As far as corporate earnings are concerned, it must be said that the 2017 financial statements, which will be published in the coming weeks, will probably be the best in ten years for most product sectors and geographical areas. This is a trend which, according to analysts' estimates, should extend into 2018 with growth rates exceeding 10%.

Earnings trends lead us to valuations, because what matters for the markets is not the absolute value of an index or the price of a share but the relationship with the profits produced. If we look at the global stock index, today the price-to-earnings ratio has reached 20 times and is in line with the historical average. To be clear, in 1999 he went over 30 times. If we look ahead to next year based on analysts' estimates, we're down to less than 18x, which makes us think the stock market still has potential left over. We increased our equity overweight – concentrated in global equities with smaller positions in the eurozone and emerging markets versus the UK and Australia.

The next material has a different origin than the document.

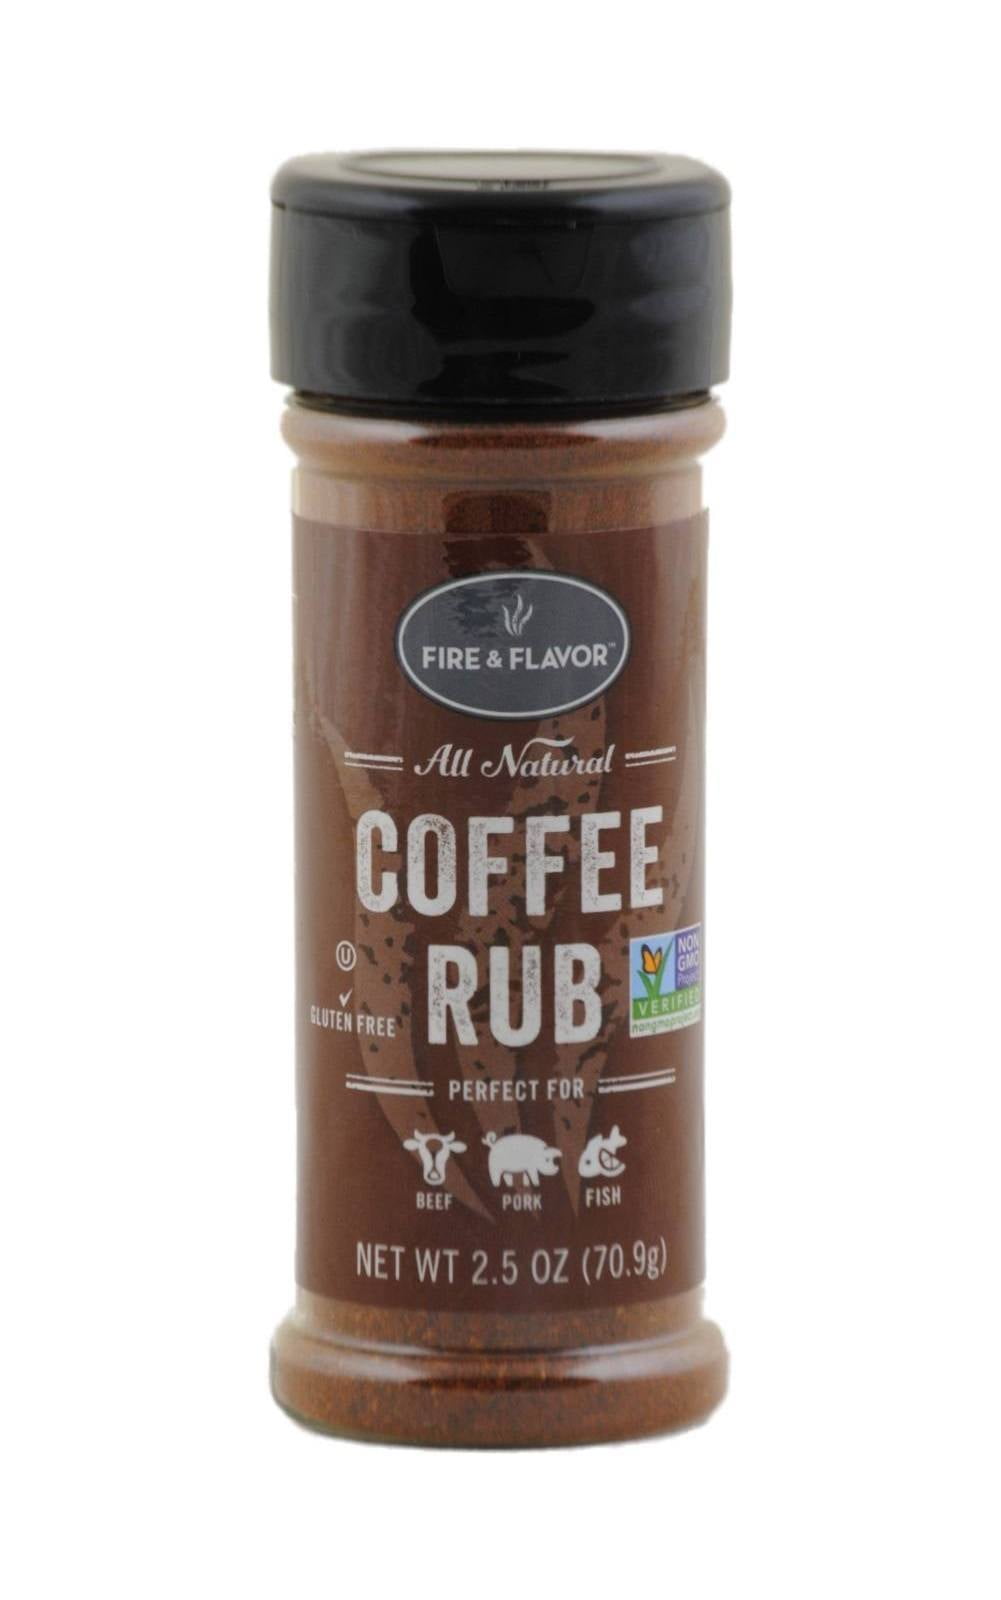 Fire & Flavor All Natural Coffee Rub, 9oz, Brown

The third theme this year is the slowdown of central banks and above all the ECB which will interrupt the injection of liquidity from September. What will be the consequences of this change of direction of central banks? It is difficult to predict but there are two more likely impacts. The first concerns the rise in yields, in particular on European bonds and, primarily, on government bonds on which we have recently increased our underweight. The second concerns the increase in equity market volatility – which fell to historic lows last year and at the beginning of this year – which will require a more dynamic and agile approach.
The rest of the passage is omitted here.